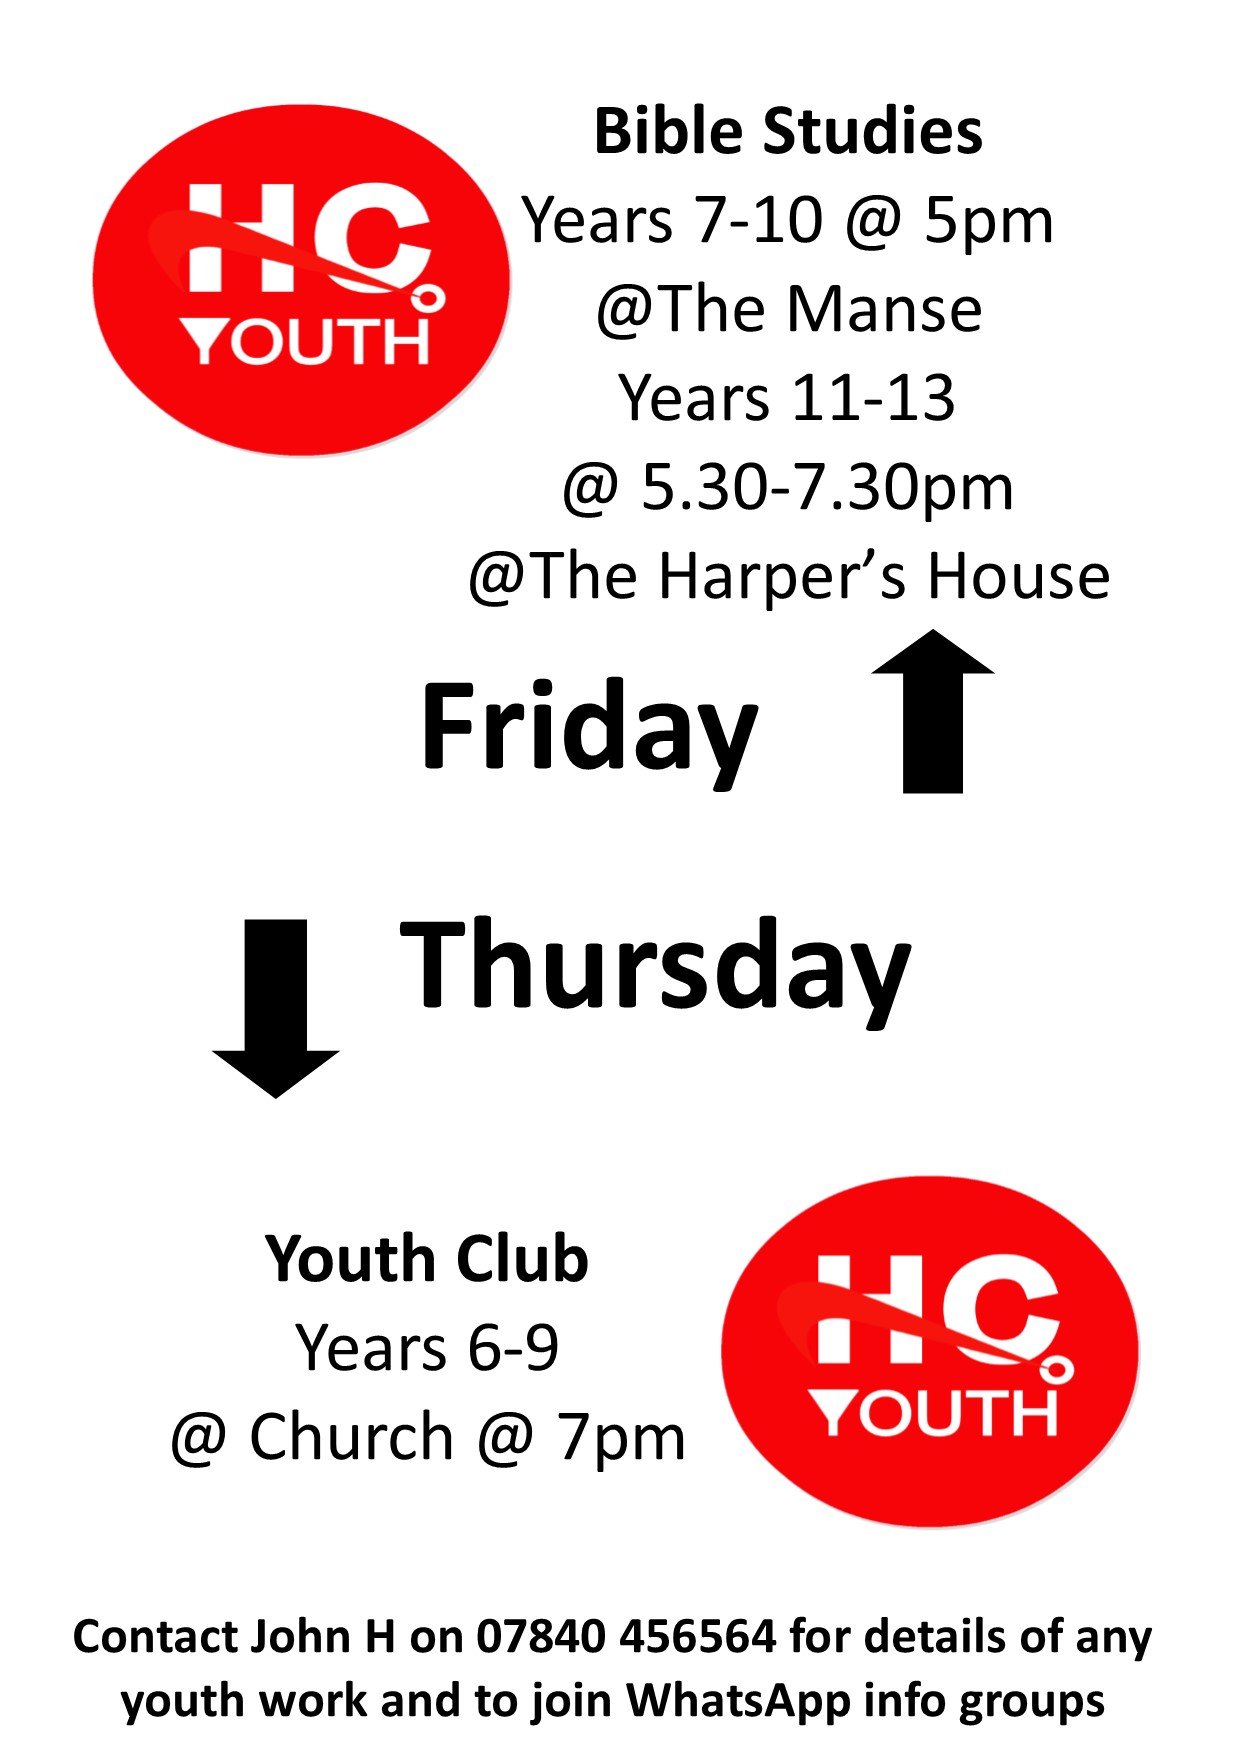 HCBC Youth Website Page Apr 22
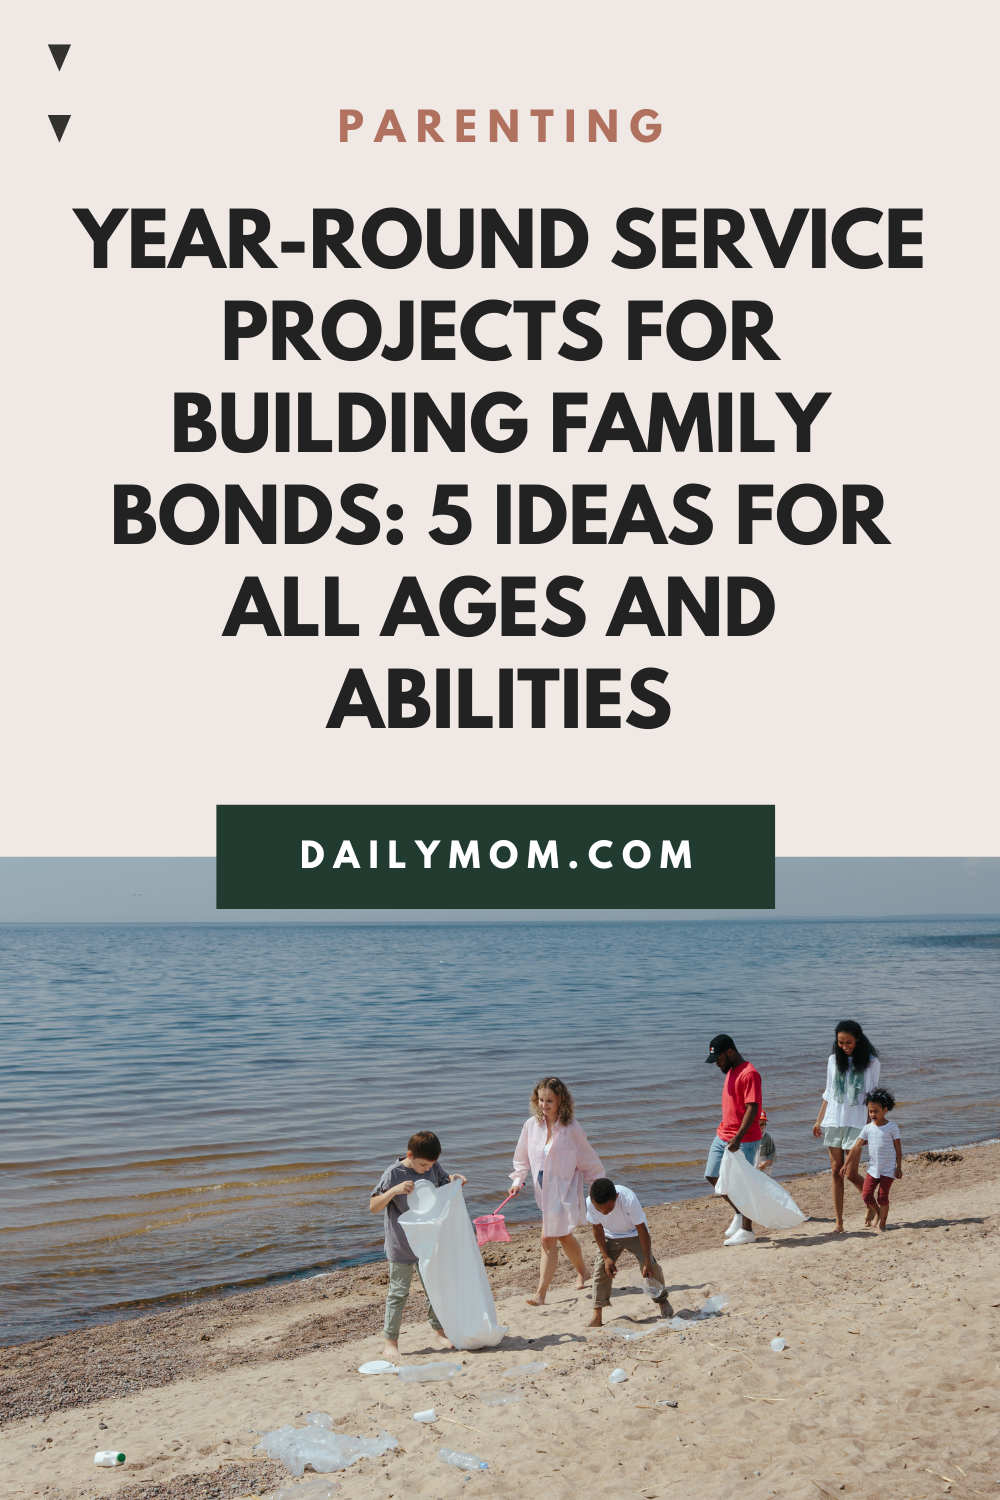 Year-Round Service Projects For Building Family Bonds: 5 Ideas For All Ages And Abilities
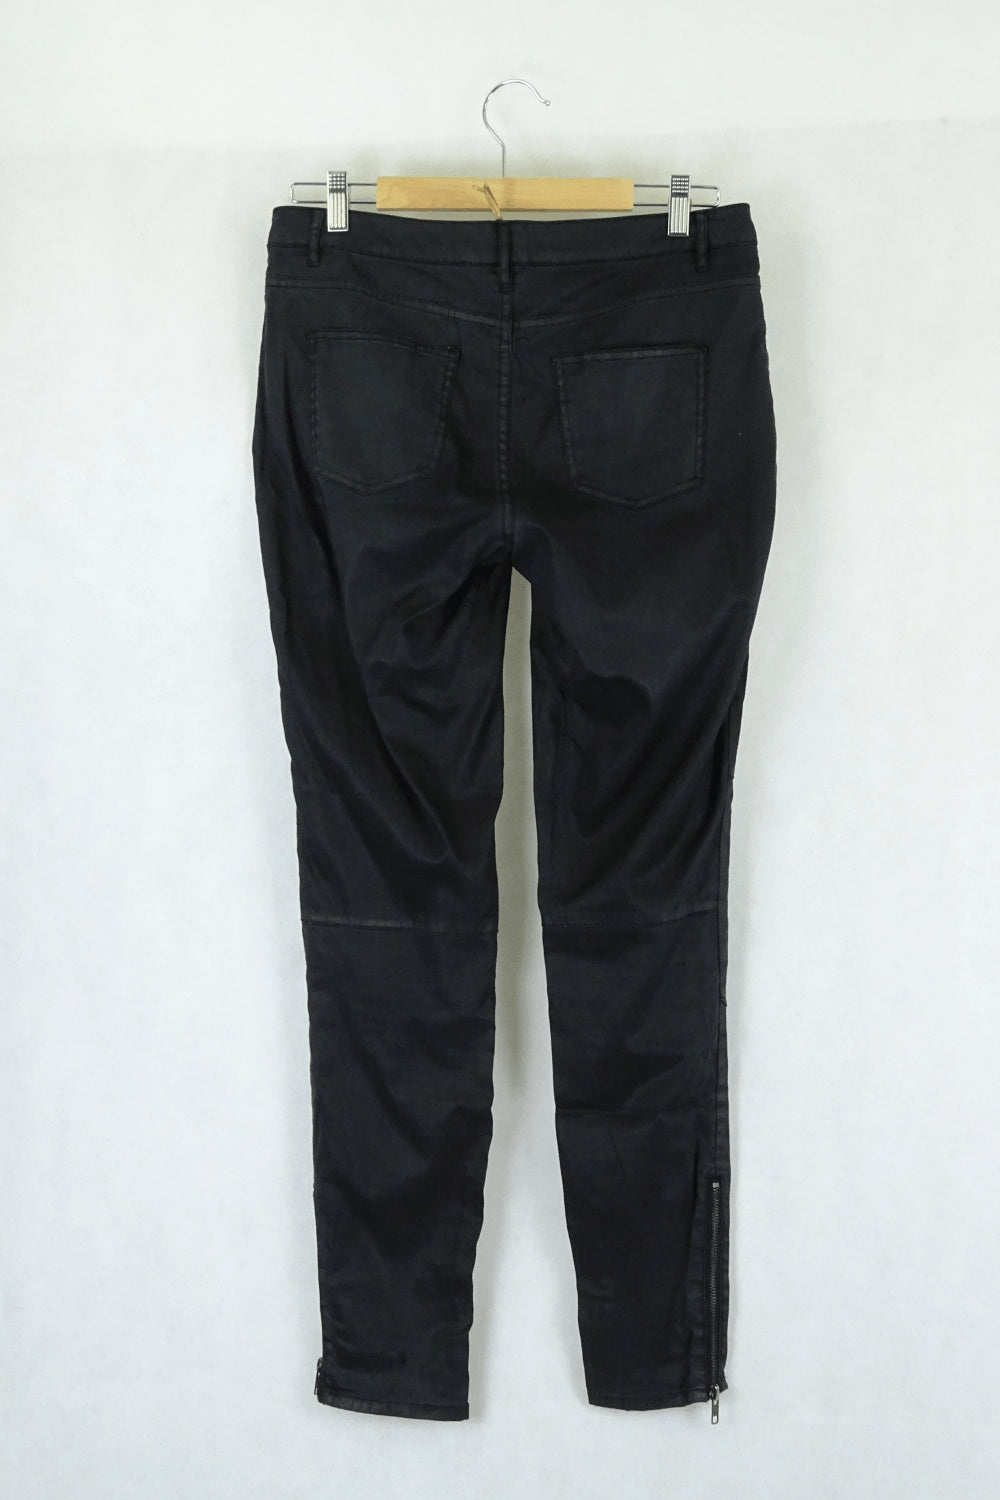 Country Road Black Wet Leather Jeans 10
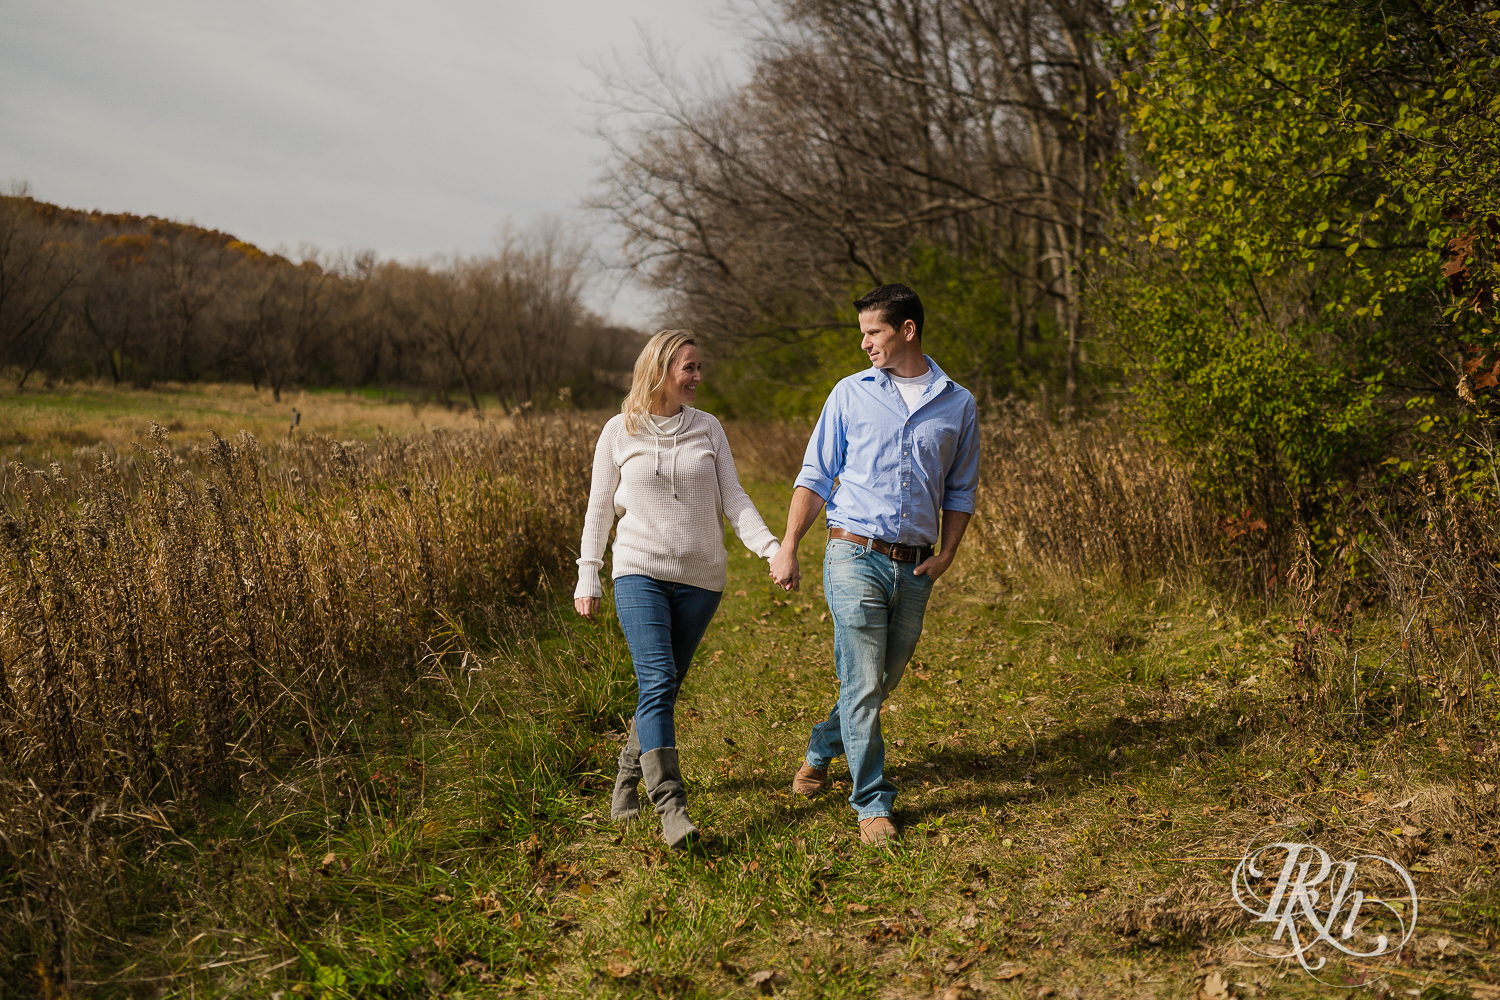 Man walking with blonde woman in grass during fall engagement photography session in Chaska, Minnesota.

────────────────────────────────────────

__Work request__
Go through the data and return every word of it verbatim, leaving out the pictures.

__Exercise result__
 HCBC Youth Website Page Apr 22
 Year-Round Service Projects For Building Family Bonds: 5 Ideas For All Ages And Abilities
 Country Road Black Wet Leather Jeans 10
 Man walking with blonde woman in grass during fall engagement photography session in Chaska, Minnesota.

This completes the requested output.